▶ [EXERCISE OBJECTIVE]
Up to the line containing "SBT 20 Hat with Leather Patch (Gold)", nothing is kept; from that line through the end of the data below, output every line exactly.

▶ [DATA SECTION]
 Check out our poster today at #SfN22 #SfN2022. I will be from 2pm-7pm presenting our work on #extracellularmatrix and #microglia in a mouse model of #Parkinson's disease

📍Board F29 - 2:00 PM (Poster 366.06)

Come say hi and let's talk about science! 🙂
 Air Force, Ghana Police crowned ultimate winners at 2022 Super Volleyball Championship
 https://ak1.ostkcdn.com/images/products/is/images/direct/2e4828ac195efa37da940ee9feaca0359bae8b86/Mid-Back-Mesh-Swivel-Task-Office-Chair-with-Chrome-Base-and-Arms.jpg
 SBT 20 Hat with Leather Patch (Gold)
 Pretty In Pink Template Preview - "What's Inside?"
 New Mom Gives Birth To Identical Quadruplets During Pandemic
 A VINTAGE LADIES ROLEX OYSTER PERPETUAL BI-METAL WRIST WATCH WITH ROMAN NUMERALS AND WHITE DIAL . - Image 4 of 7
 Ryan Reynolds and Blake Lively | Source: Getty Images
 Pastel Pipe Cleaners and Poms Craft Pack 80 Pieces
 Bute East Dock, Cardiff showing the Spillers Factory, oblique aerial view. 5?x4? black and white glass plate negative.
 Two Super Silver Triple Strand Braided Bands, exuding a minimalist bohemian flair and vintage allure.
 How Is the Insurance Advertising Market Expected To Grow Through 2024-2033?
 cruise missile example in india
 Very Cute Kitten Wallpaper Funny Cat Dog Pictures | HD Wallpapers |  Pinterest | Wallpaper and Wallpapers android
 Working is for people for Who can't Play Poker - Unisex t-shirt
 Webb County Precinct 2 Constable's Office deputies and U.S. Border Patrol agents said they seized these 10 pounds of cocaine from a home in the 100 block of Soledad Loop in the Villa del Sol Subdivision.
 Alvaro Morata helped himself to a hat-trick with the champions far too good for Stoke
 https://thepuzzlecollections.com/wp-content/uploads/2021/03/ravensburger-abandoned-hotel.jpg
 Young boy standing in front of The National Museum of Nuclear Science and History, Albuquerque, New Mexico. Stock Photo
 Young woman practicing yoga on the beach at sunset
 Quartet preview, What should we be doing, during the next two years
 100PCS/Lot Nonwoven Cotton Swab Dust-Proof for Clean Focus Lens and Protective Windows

▶ [RESULT FOR THIS TASK]
 SBT 20 Hat with Leather Patch (Gold)
 Pretty In Pink Template Preview - "What's Inside?"
 New Mom Gives Birth To Identical Quadruplets During Pandemic
 A VINTAGE LADIES ROLEX OYSTER PERPETUAL BI-METAL WRIST WATCH WITH ROMAN NUMERALS AND WHITE DIAL . - Image 4 of 7
 Ryan Reynolds and Blake Lively | Source: Getty Images
 Pastel Pipe Cleaners and Poms Craft Pack 80 Pieces
 Bute East Dock, Cardiff showing the Spillers Factory, oblique aerial view. 5?x4? black and white glass plate negative.
 Two Super Silver Triple Strand Braided Bands, exuding a minimalist bohemian flair and vintage allure.
 How Is the Insurance Advertising Market Expected To Grow Through 2024-2033?
 cruise missile example in india
 Very Cute Kitten Wallpaper Funny Cat Dog Pictures | HD Wallpapers |  Pinterest | Wallpaper and Wallpapers android
 Working is for people for Who can't Play Poker - Unisex t-shirt
 Webb County Precinct 2 Constable's Office deputies and U.S. Border Patrol agents said they seized these 10 pounds of cocaine from a home in the 100 block of Soledad Loop in the Villa del Sol Subdivision.
 Alvaro Morata helped himself to a hat-trick with the champions far too good for Stoke
 https://thepuzzlecollections.com/wp-content/uploads/2021/03/ravensburger-abandoned-hotel.jpg
 Young boy standing in front of The National Museum of Nuclear Science and History, Albuquerque, New Mexico. Stock Photo
 Young woman practicing yoga on the beach at sunset
 Quartet preview, What should we be doing, during the next two years
 100PCS/Lot Nonwoven Cotton Swab Dust-Proof for Clean Focus Lens and Protective Windows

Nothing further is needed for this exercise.